#### Assignment:
Print, please, exactly the lines from the one with "Wood Laminate Wayfarer" through the final line of the data below, with both ends included and the pictures left out.

#### Input data:
====
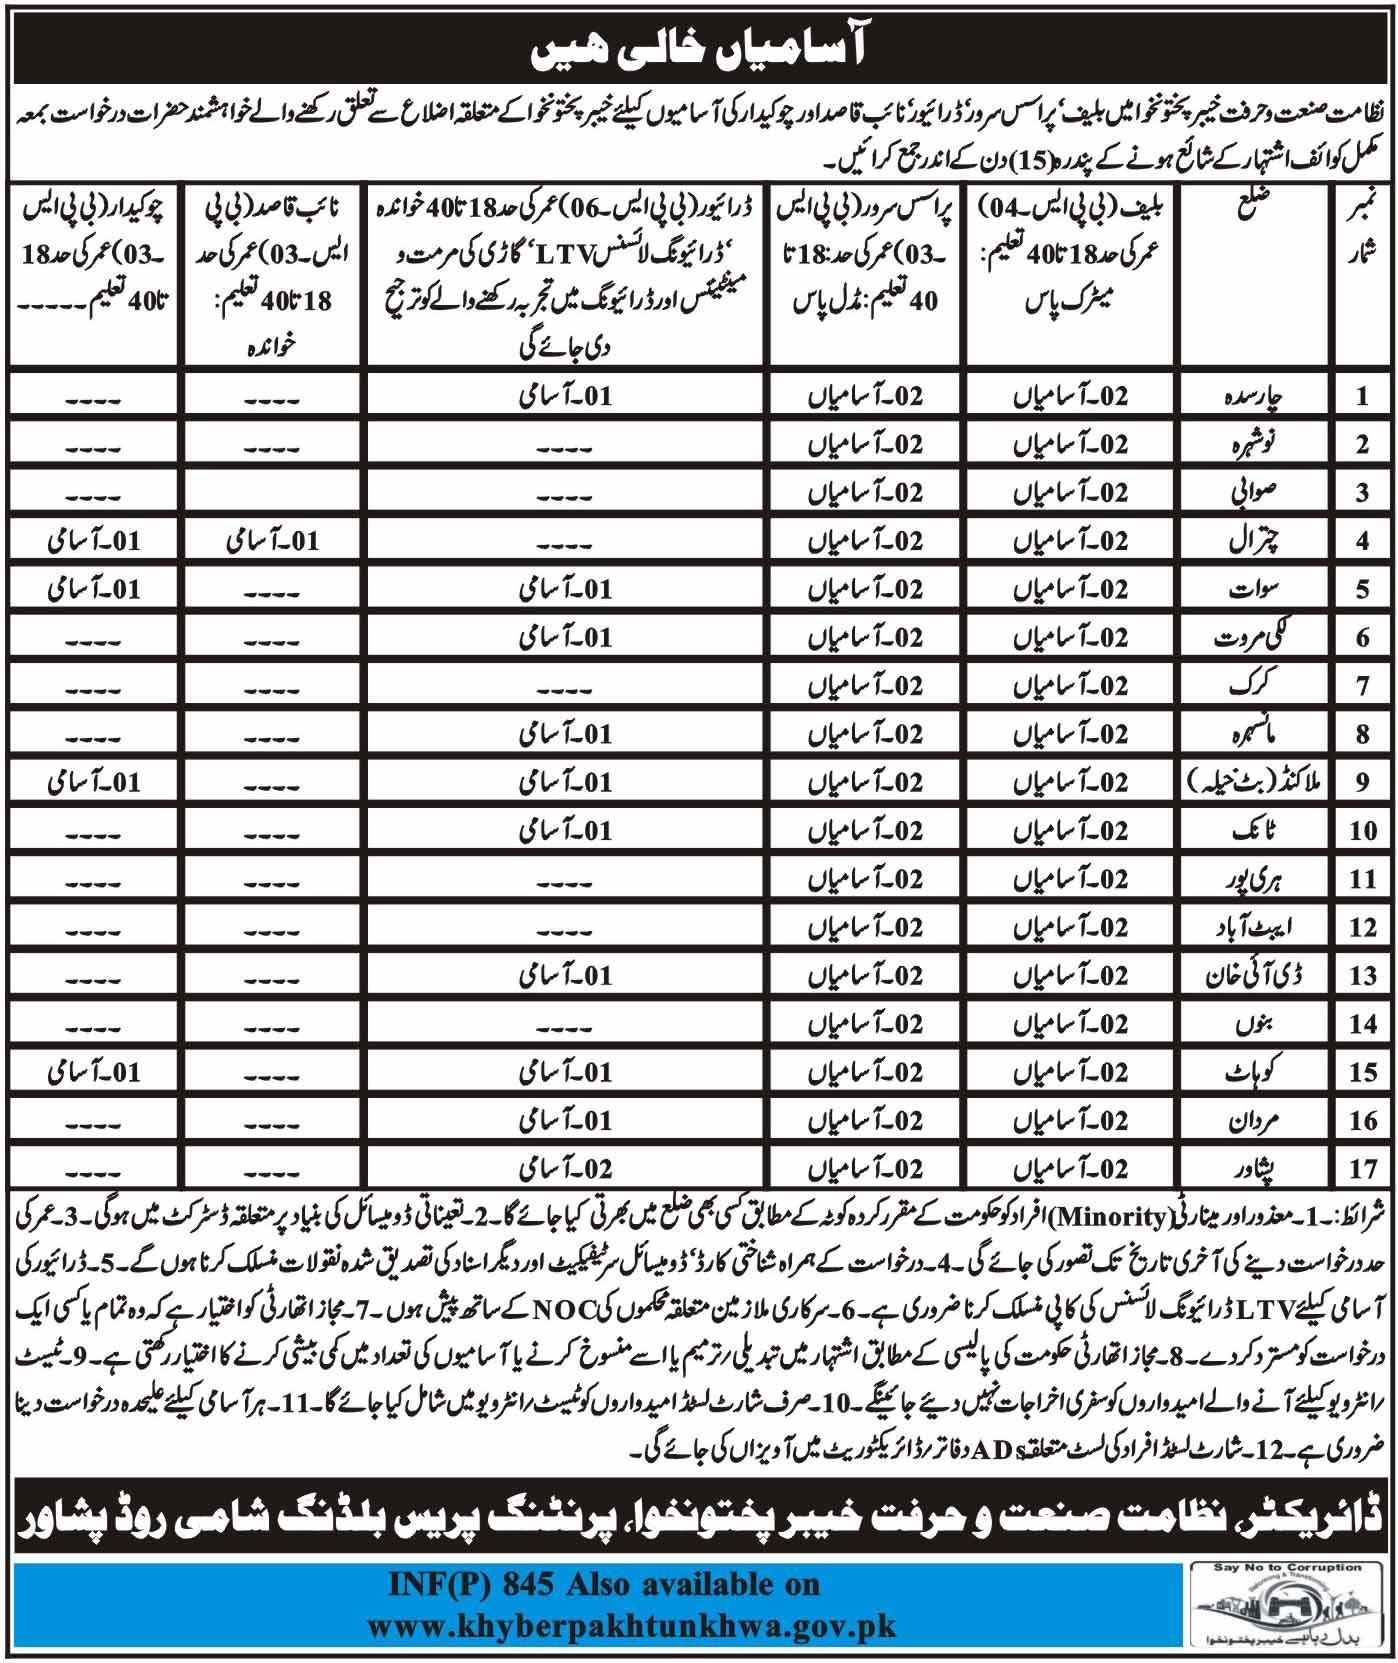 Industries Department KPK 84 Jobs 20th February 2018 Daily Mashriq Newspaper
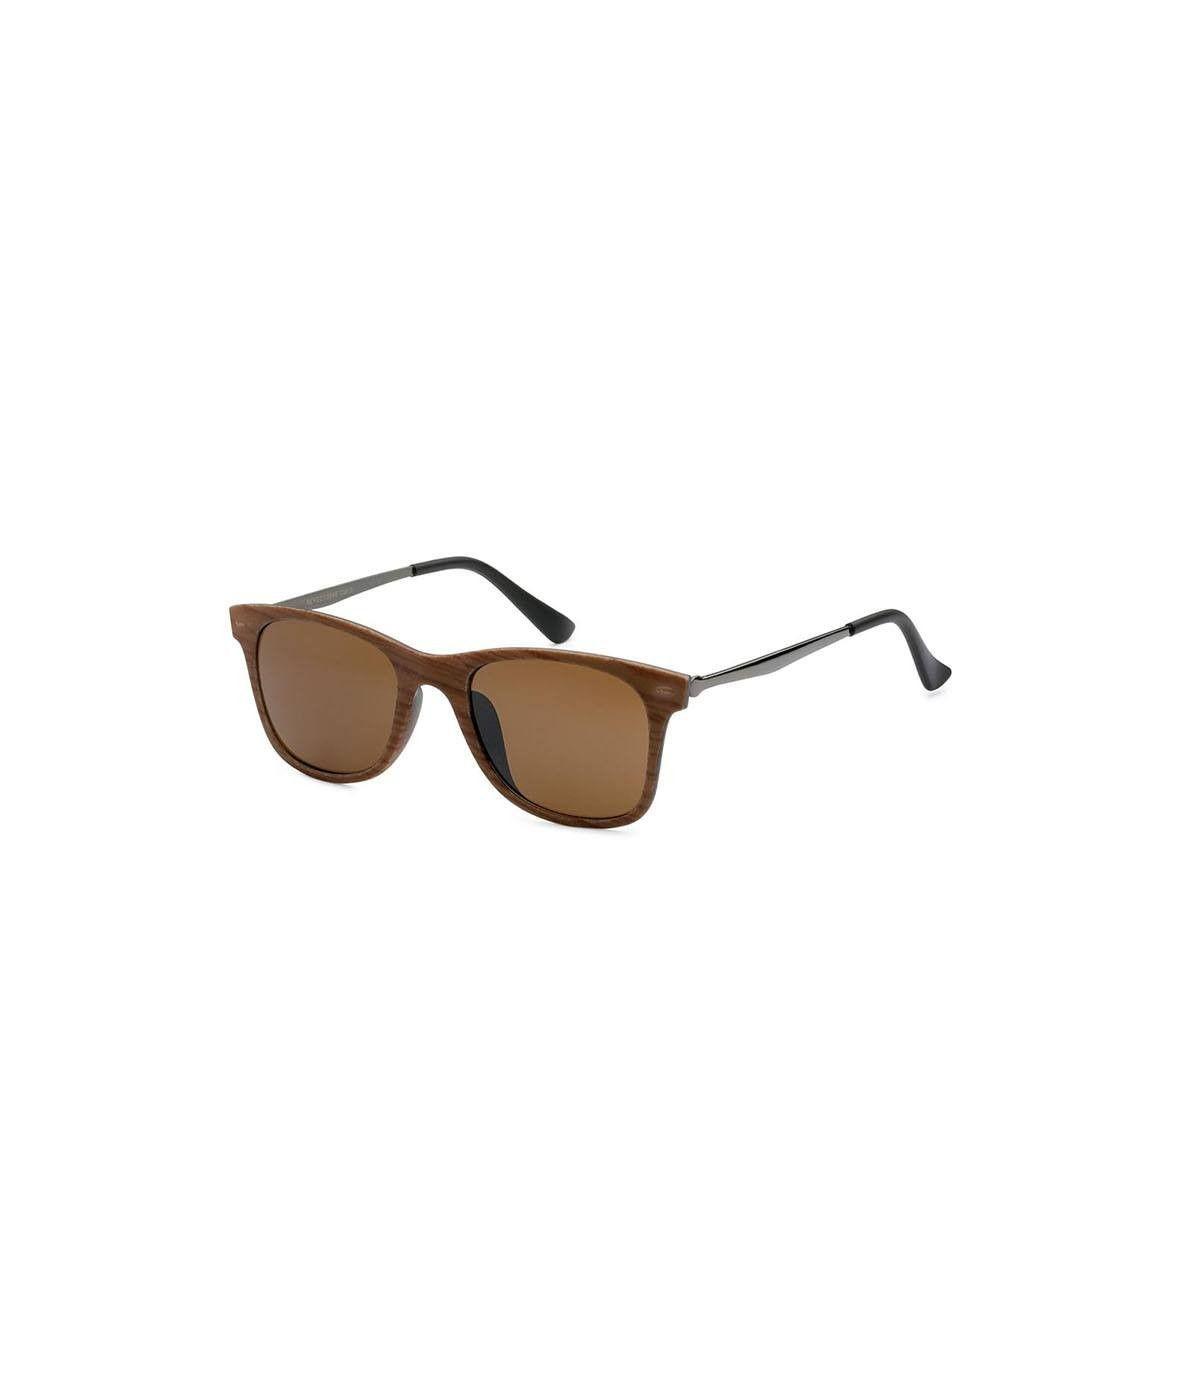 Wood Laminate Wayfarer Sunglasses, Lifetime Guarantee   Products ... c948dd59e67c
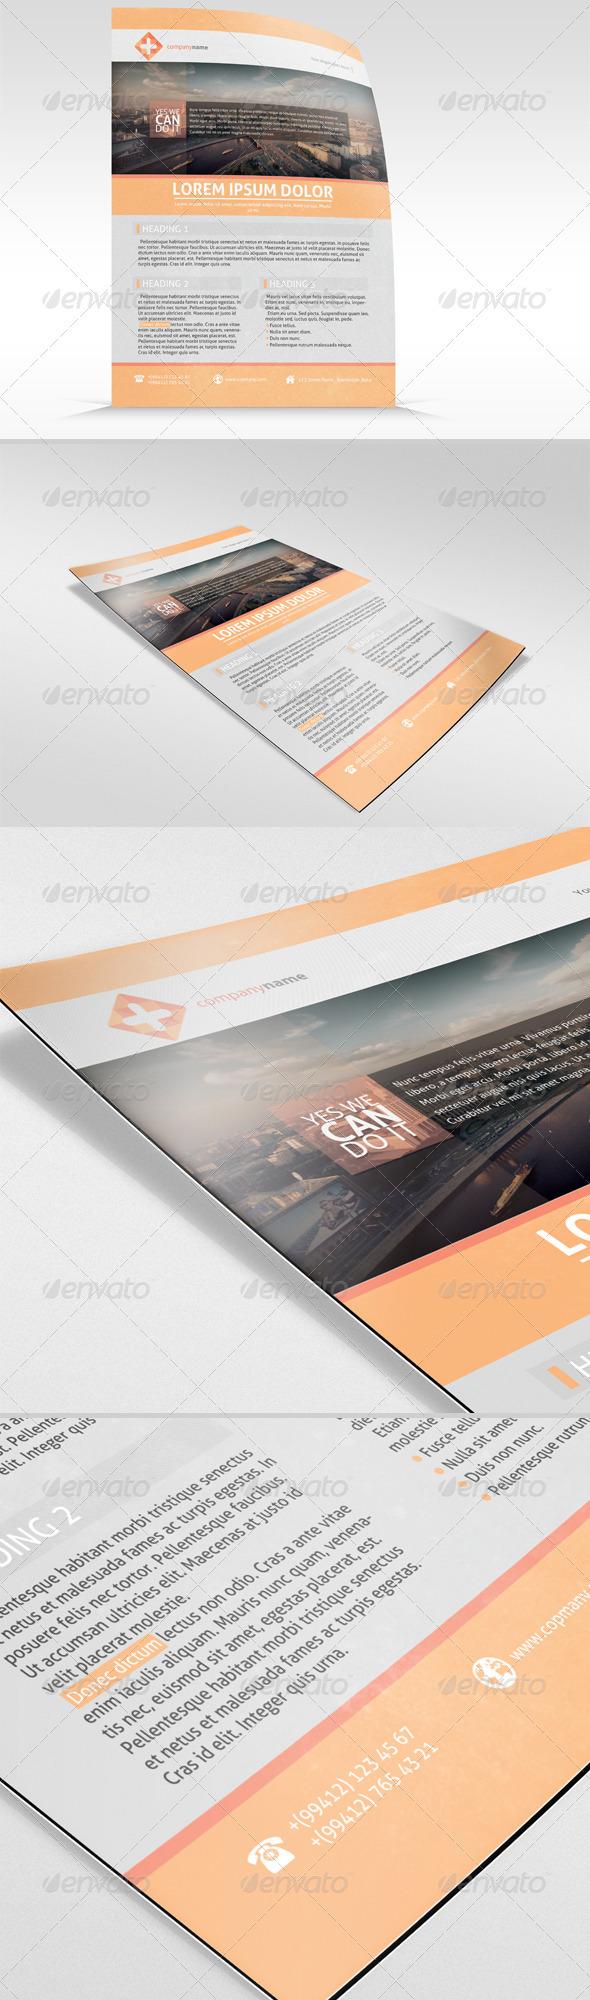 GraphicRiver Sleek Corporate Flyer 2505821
====
#### Your solution:
 Wood Laminate Wayfarer Sunglasses, Lifetime Guarantee   Products ... c948dd59e67c
 GraphicRiver Sleek Corporate Flyer 2505821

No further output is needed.